- THE TASK:
Leave out the images and return all the data word for word.

- DATA:
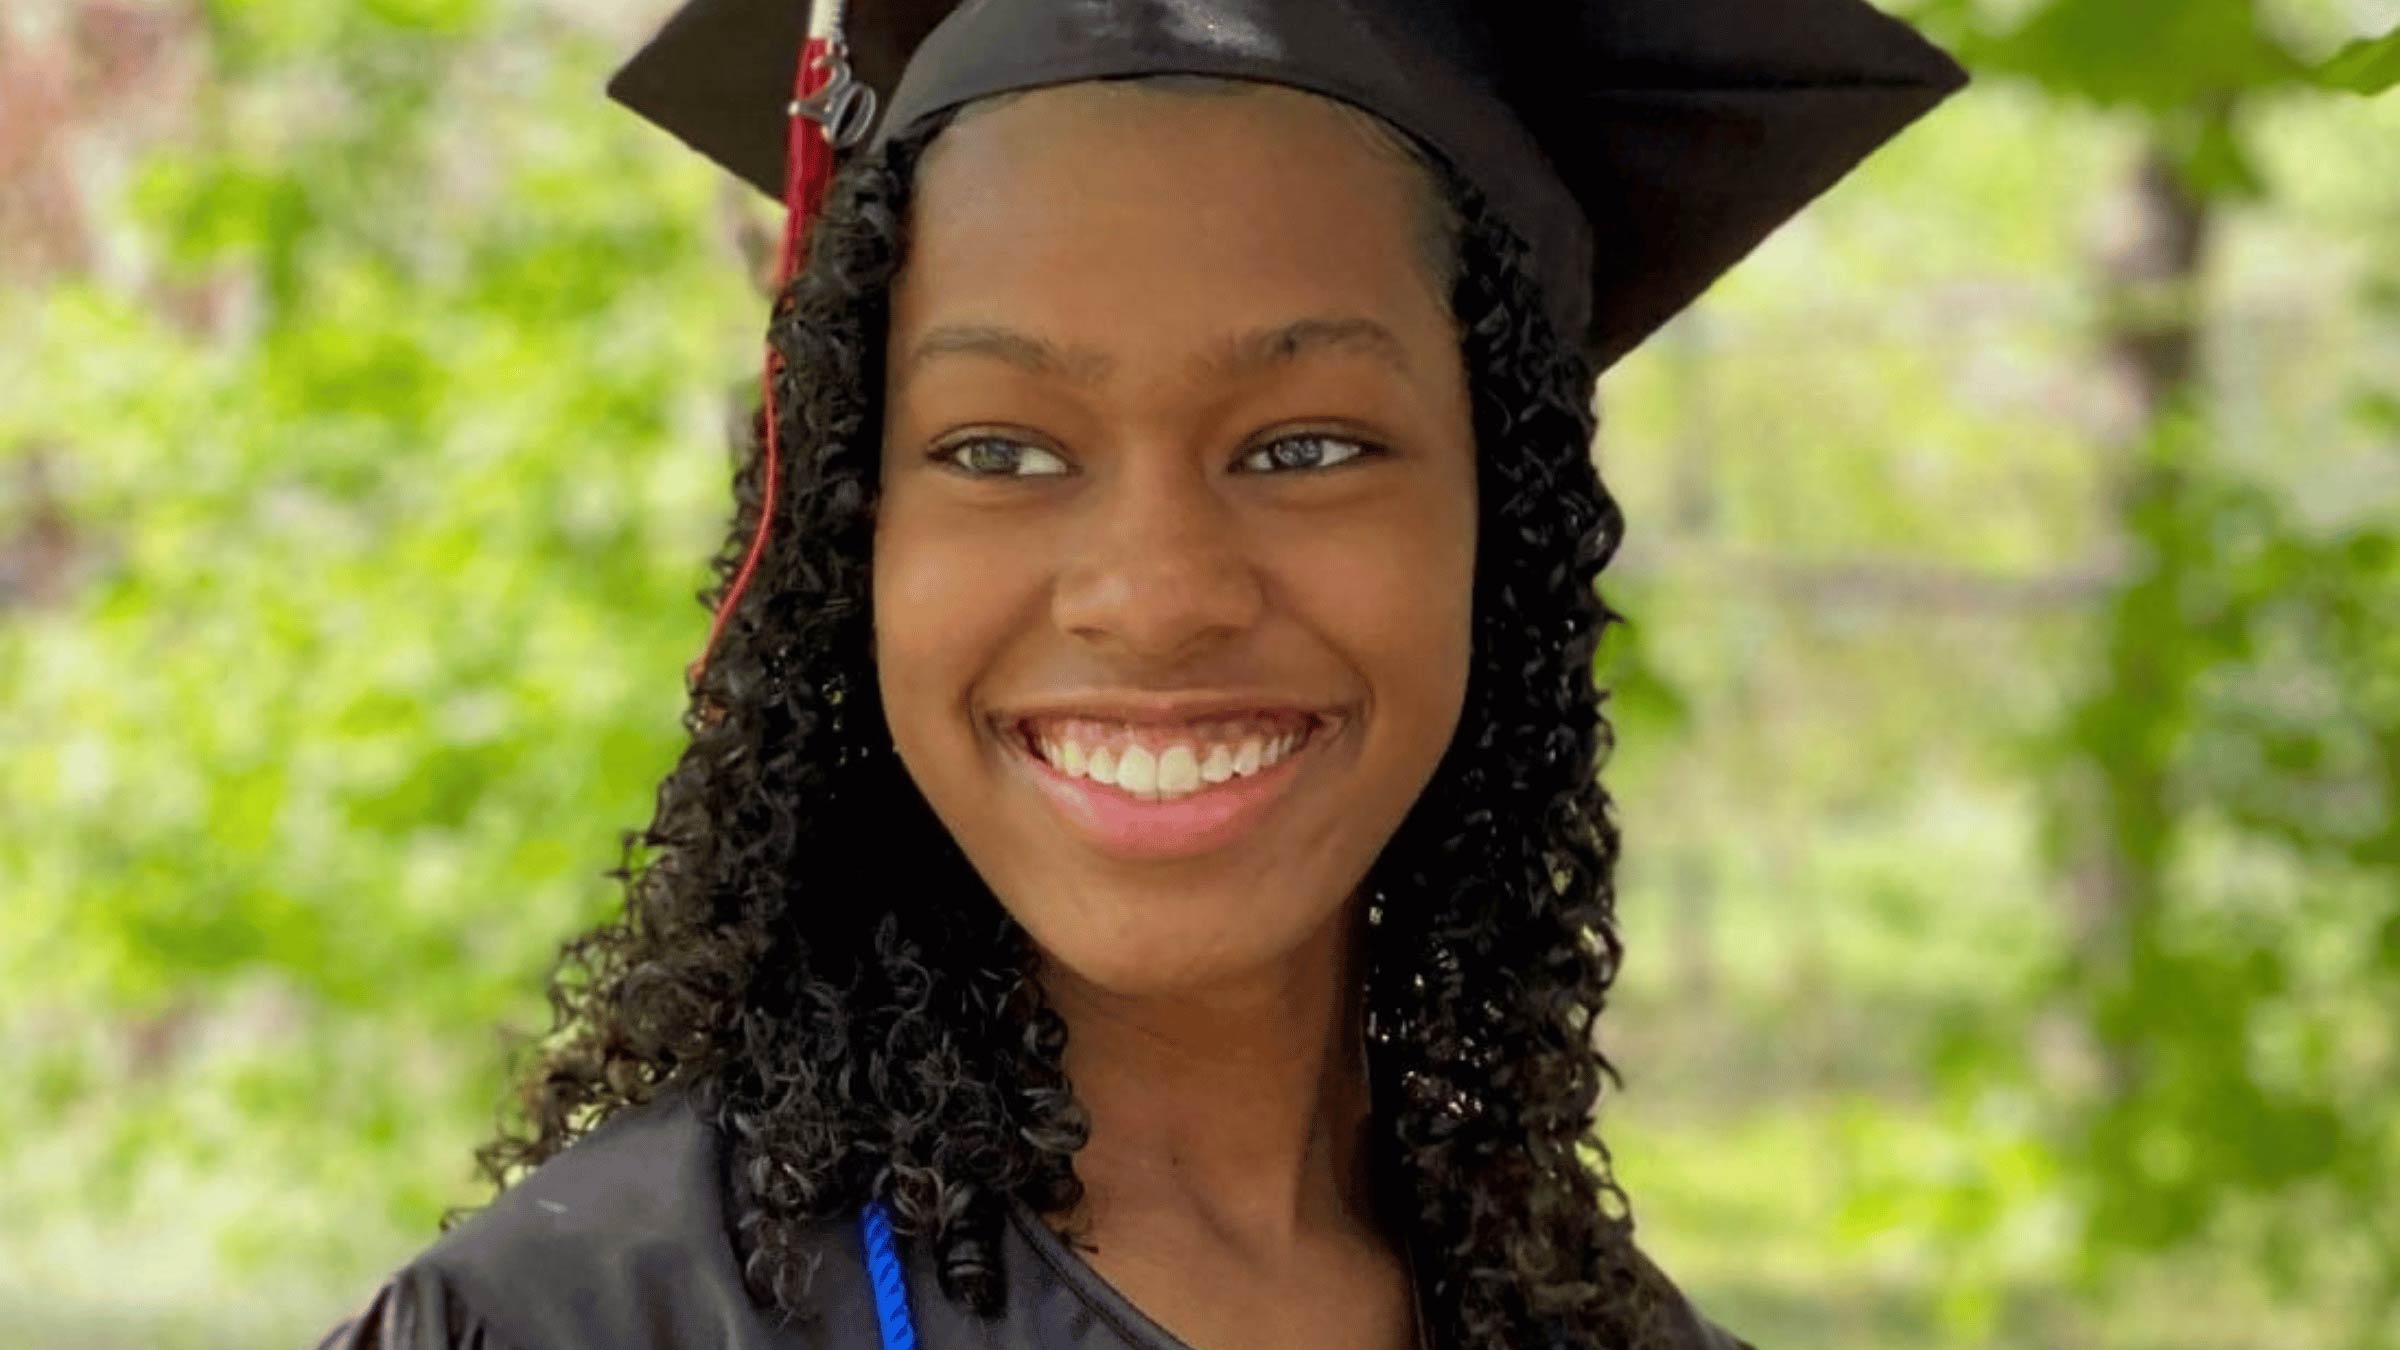 Young woman wearing graduation cap
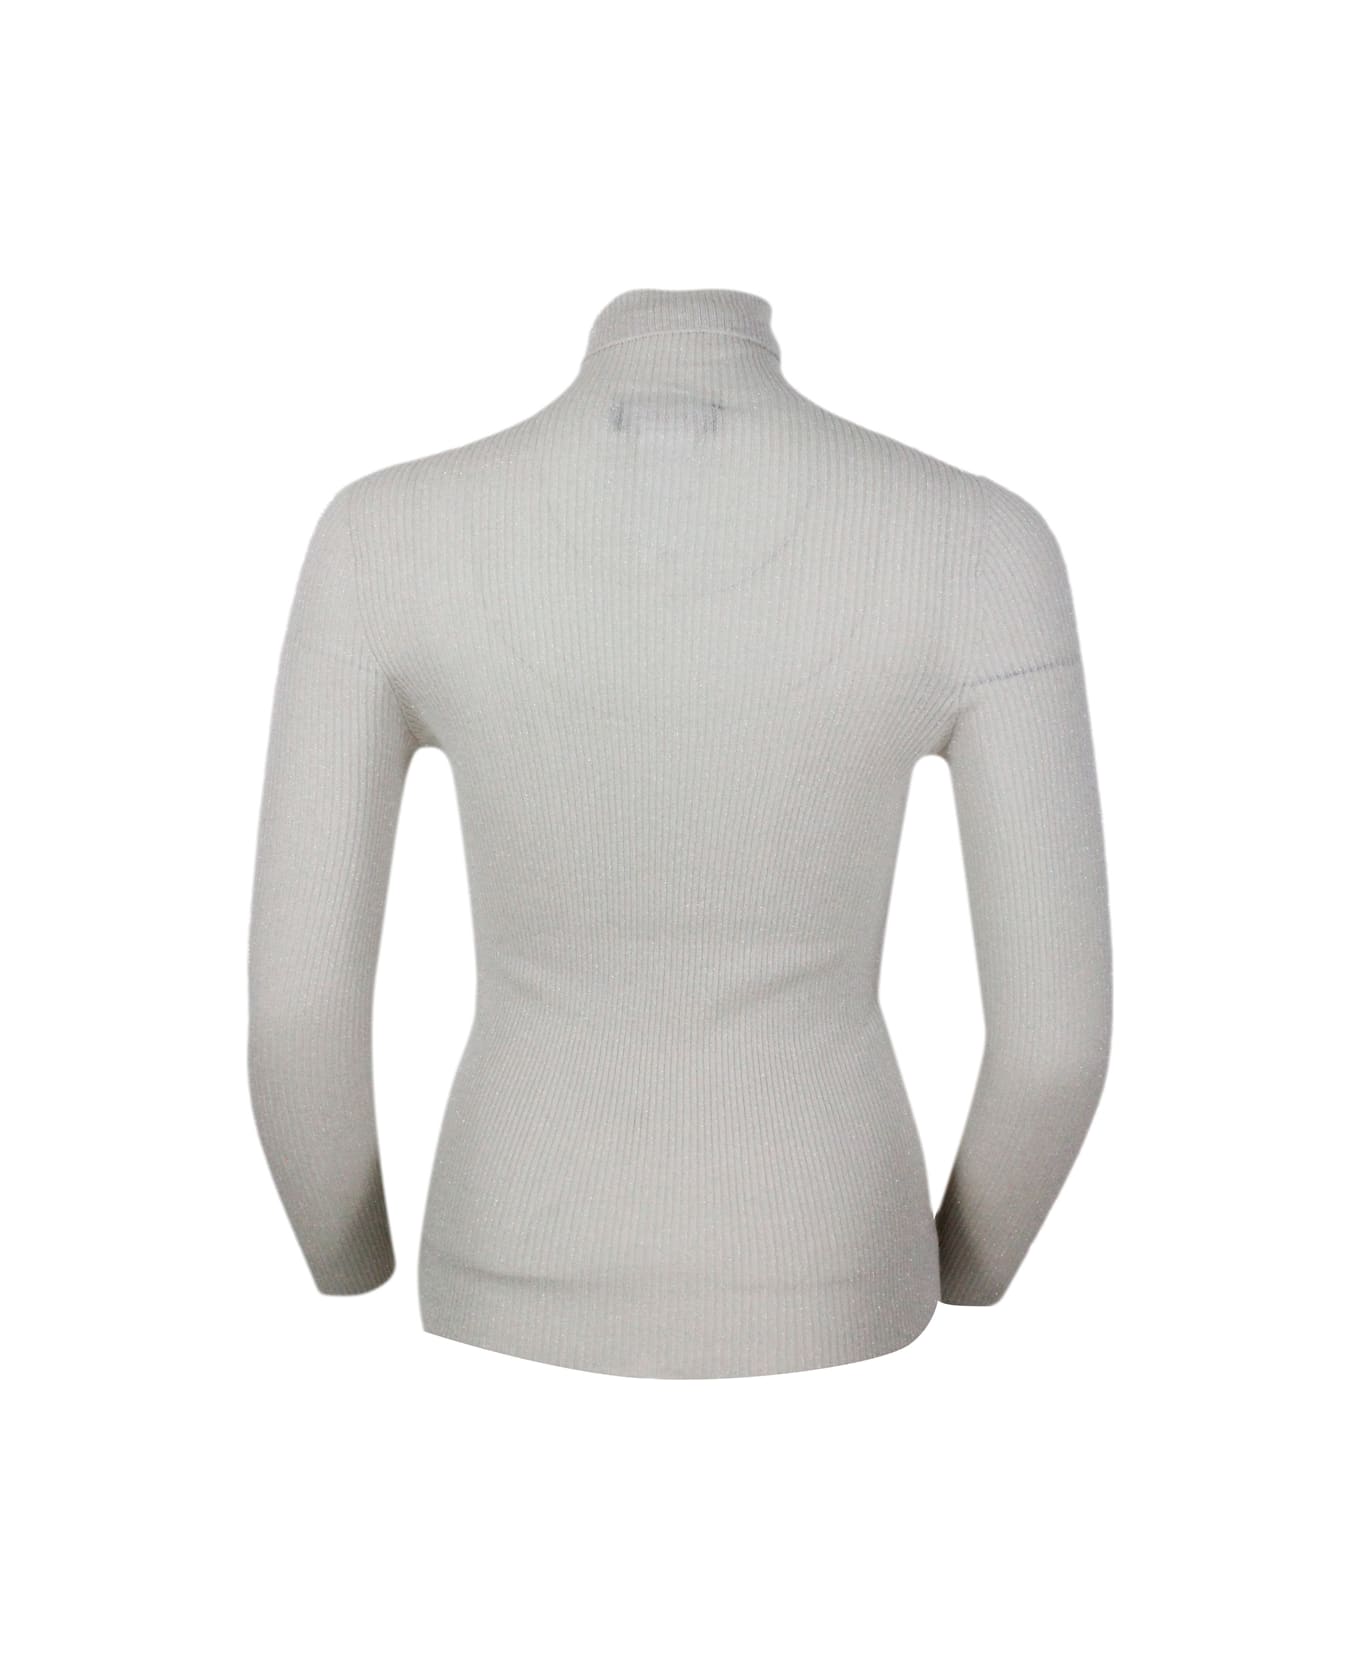 Fabiana Filippi Long-sleeved Turtleneck Sweater In Merino Lamè Embellished With Shiny Lurex That Gives Brightness - Beige
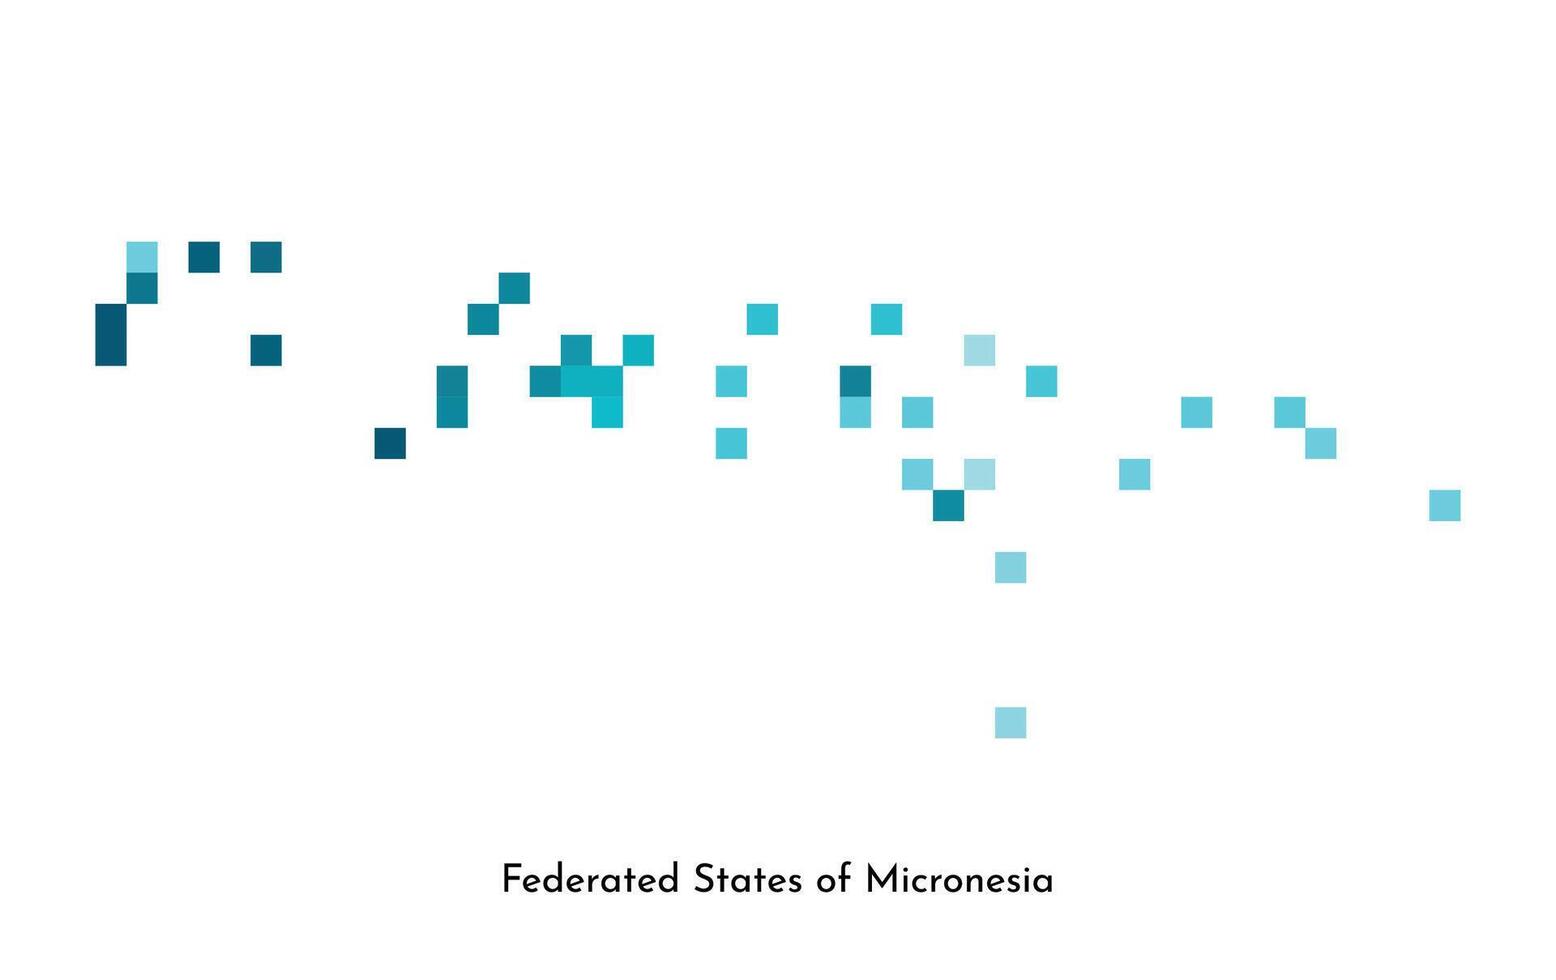 vetor isolado geométrico ilustração com simplificado gelado azul silhueta do federado estados do Micronésia mapa. pixel arte estilo para nft modelo. pontilhado logotipo com gradiente textura

- OUTPUT FOR THIS TASK:
 Young woman wearing graduation cap
 Fabiana Filippi Long-sleeved Turtleneck Sweater In Merino Lamè Embellished With Shiny Lurex That Gives Brightness - Beige
 vetor isolado geométrico ilustração com simplificado gelado azul silhueta do federado estados do Micronésia mapa. pixel arte estilo para nft modelo. pontilhado logotipo com gradiente textura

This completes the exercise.